_Your assignment_. Return all the data below as it stands, minus the pictures.

_Information provided_.
----

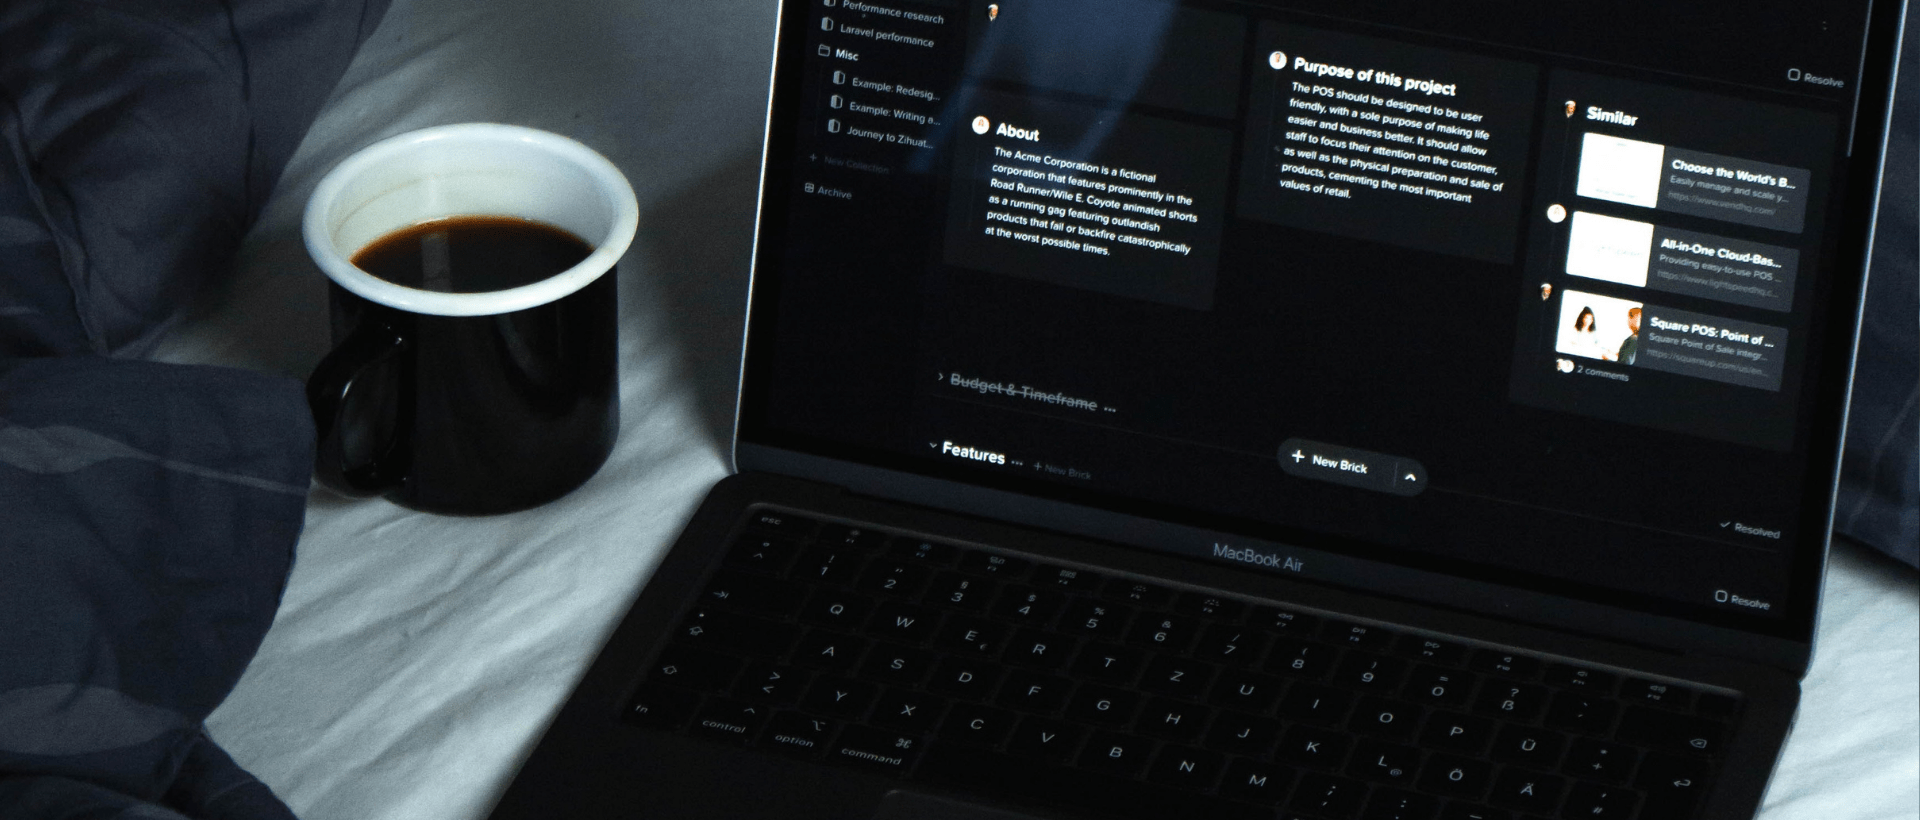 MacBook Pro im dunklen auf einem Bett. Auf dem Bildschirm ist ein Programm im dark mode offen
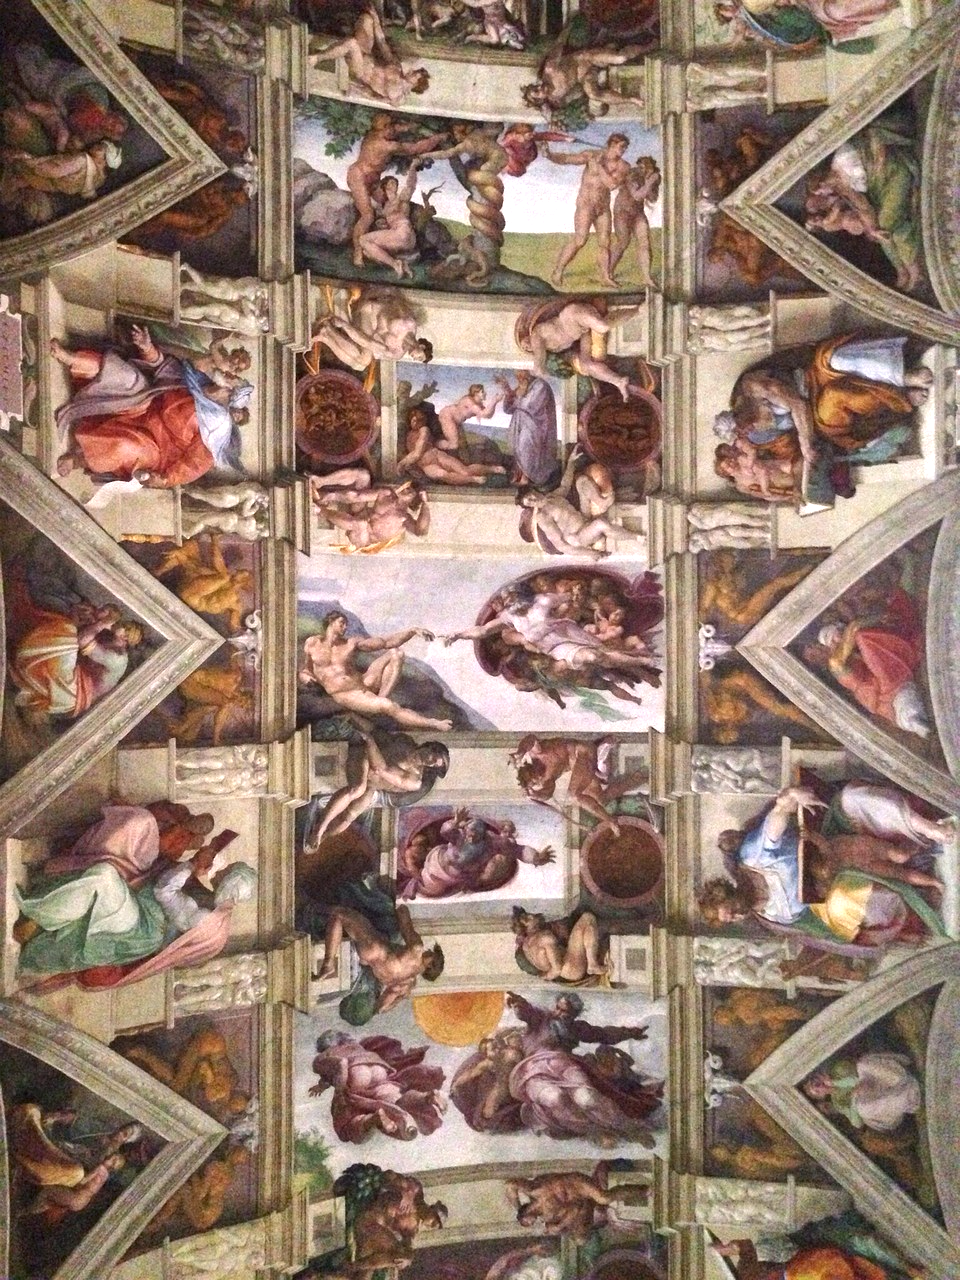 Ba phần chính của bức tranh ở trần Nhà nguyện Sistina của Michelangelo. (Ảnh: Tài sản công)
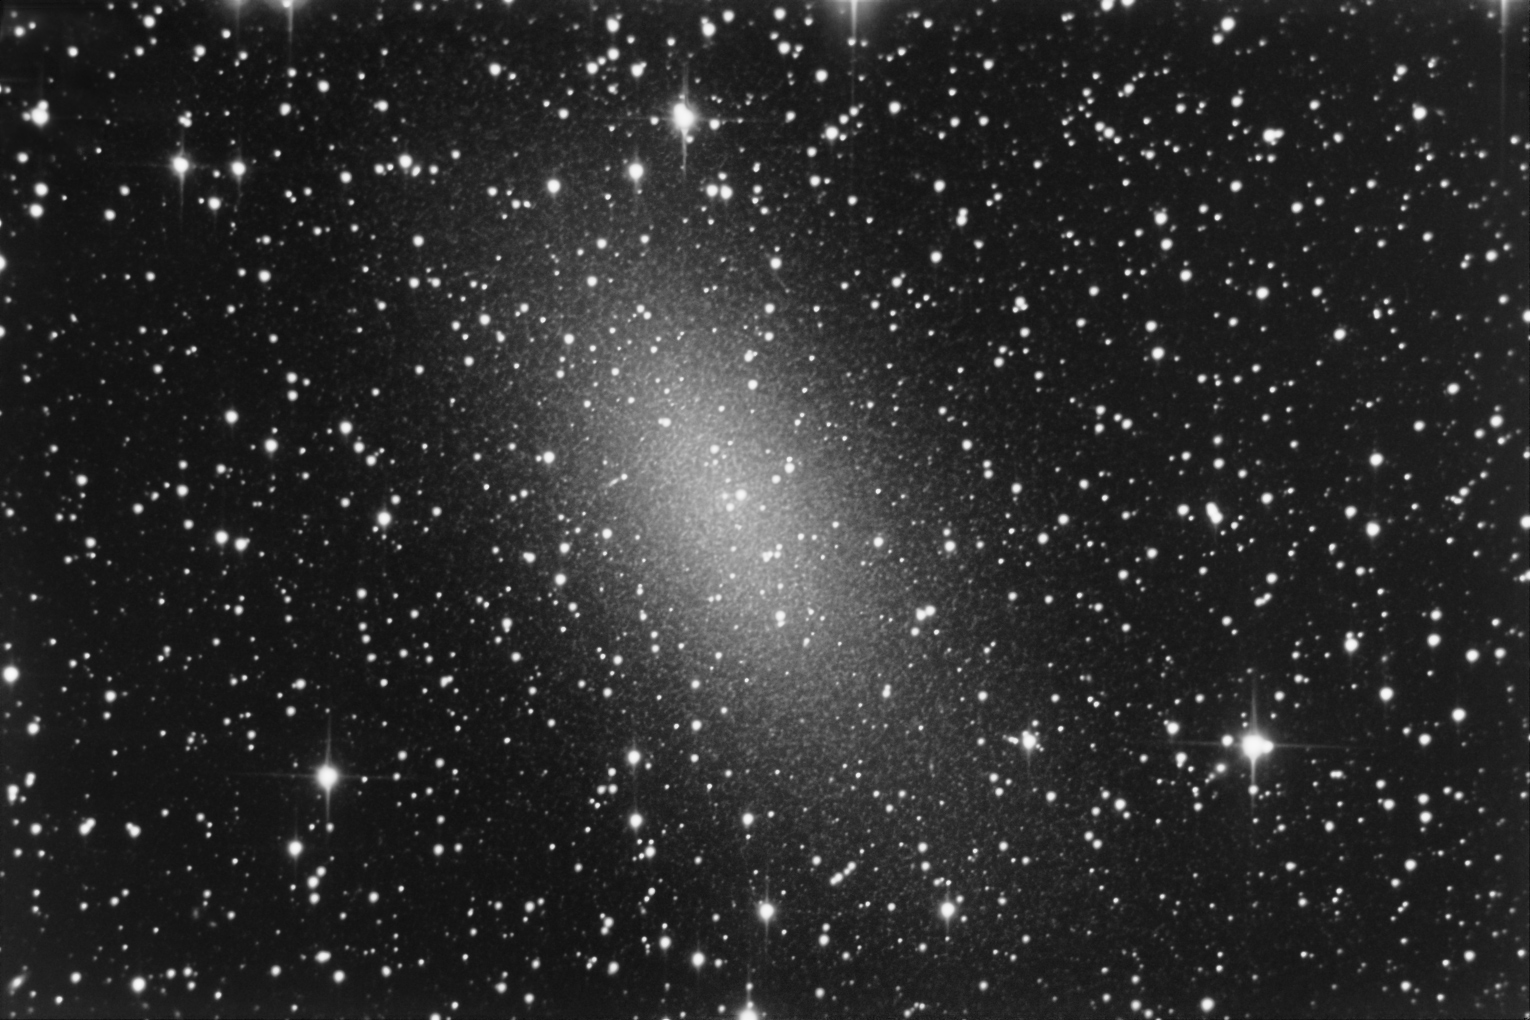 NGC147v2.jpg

----

_The answer_.
 MacBook Pro im dunklen auf einem Bett. Auf dem Bildschirm ist ein Programm im dark mode offen
 Ba phần chính của bức tranh ở trần Nhà nguyện Sistina của Michelangelo. (Ảnh: Tài sản công)
 NGC147v2.jpg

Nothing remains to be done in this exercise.